2. The other point taken is that the warrant incorrectly describes the house searched. The warrant recites that a complaint on oath has been made that a house situate in census Nos. 4082 and 4083 in Kalupur Motimakeriwad and which is occupied by one Valibhai Ibrahim (who is the first accused) is used as a common gaming house. Now, in point of fact the two census numbers which were searched were census numbers 1021 and 4082. It appears that on the first floor of this house are census numbers 1021 and 4082, and on the ground floor are Nos. 1022 and 4083; and the warrant was intended to apply to the first floor, that is to say, 1021 and 4082, which are proved to be in the occupation of accused No. 1. It is, I think, clear on the authorities which Mr.
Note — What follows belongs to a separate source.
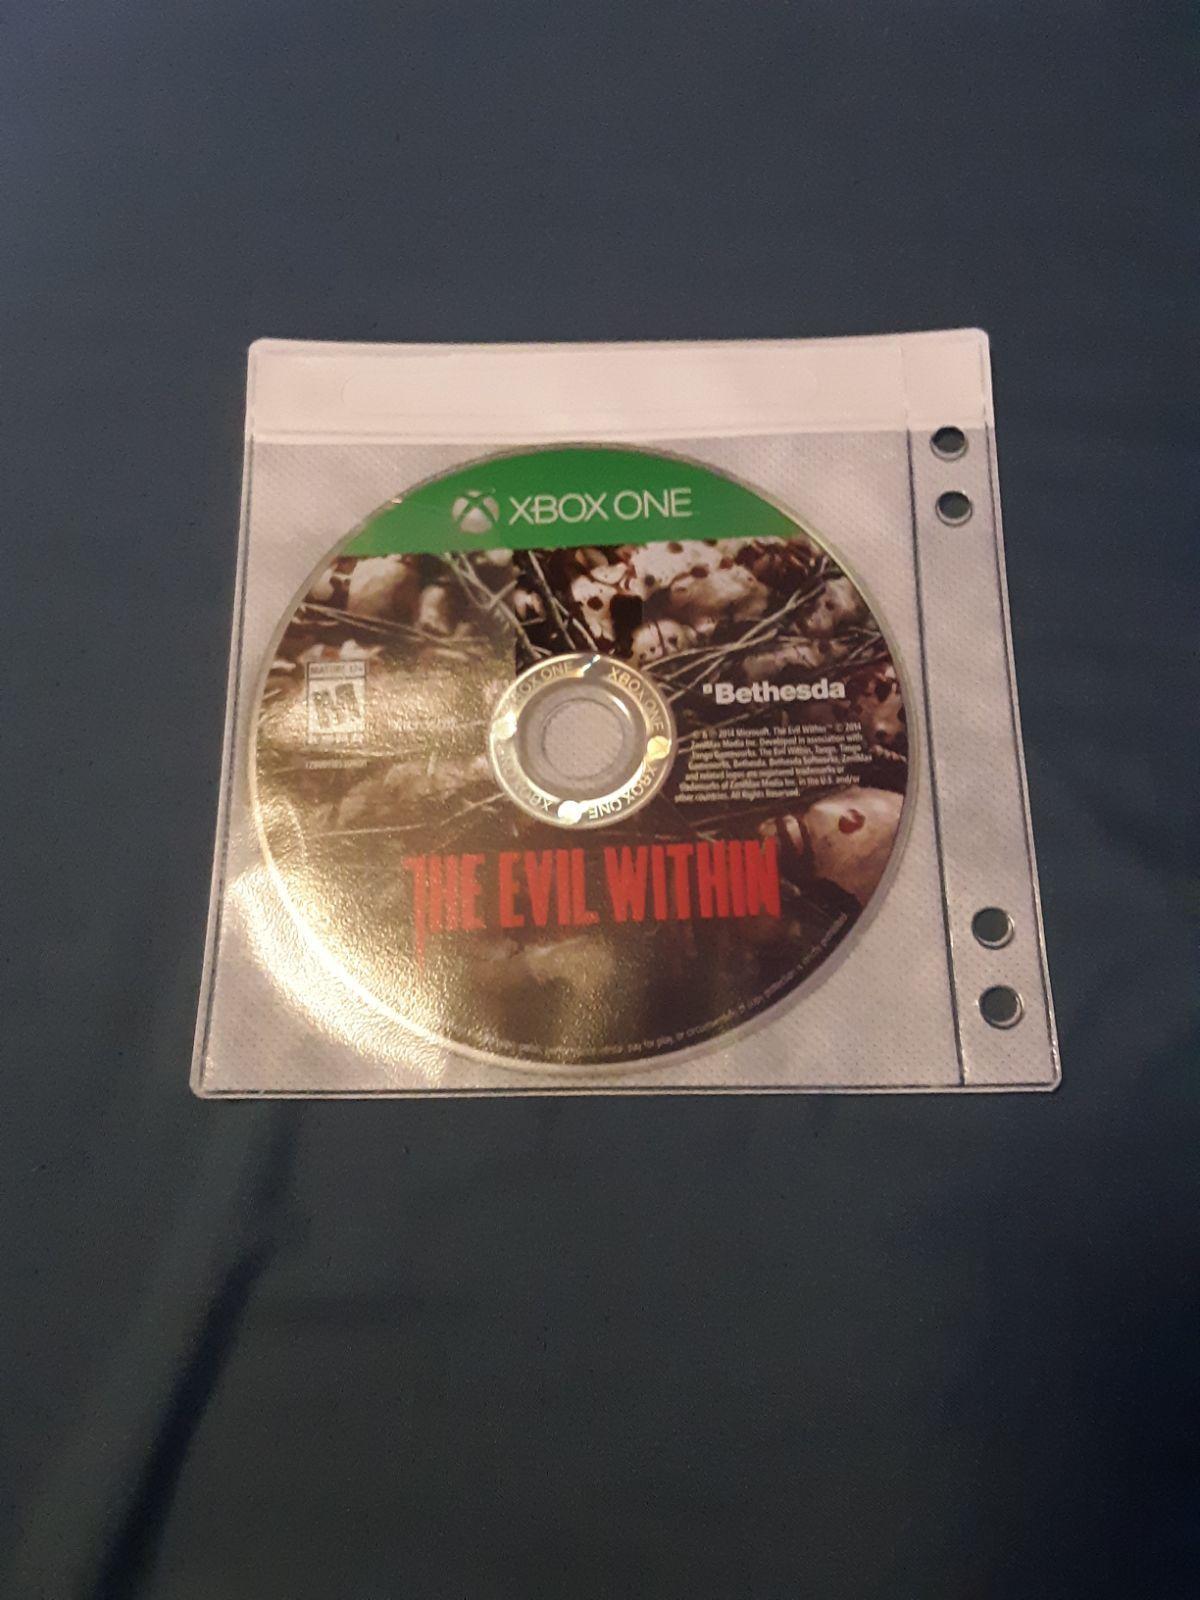 8d561a5804706e6c25eb9eeb3923a729 - How To Get Disc Out Of Xbox One S

Thakor has cited that if the warrant wrongly described the property to be searched, then it is a bad warrant. But a description may be good in part and bad in part, and it may be possible for the Court to reject the bad part on the principle of falsa demonstratio non nocet. The learned Government Pleader suggests that we can do that here. He says that the property is described as census numbers 4082 and 4033 occupied by accused No. 1, and he says that the governing part of the description is the statement of the occupation of the premises by accused No. 1, but I do not take that view. It is proved that No. 1021, which was the particular room in which the gaming instruments were found, is occupied by accused No. 1, but it is not proved that he does not occupy other numbers in the street, and it is not proved that he does not occupy 4082, It is not, therefore, proved that the description 4082 and 4083 occupied by accused No. 1 is an inaccurate description of any premises, and until it is shown that the description used is inaccurate in part no case for applying the maxim falsa demonstratio non nocet arises. I think, therefore, we have got here a warrant which incorrectly describes the premises to be searched and therefore the search of the room No. 1021, which is not included in the warrant, is not a search in respect of which any presumption can arise under Section 7 of the Act. That being so, I think the learned Magistrate was in error in putting the burden of proof upon the accused, and I think the conviction must be set aside.

Nanavati, J.

3. I agree.

4. Per Curiam, Convictions and sentences set aside. Fines to be repaid. Rs. 17 to be returned to accused No. 1.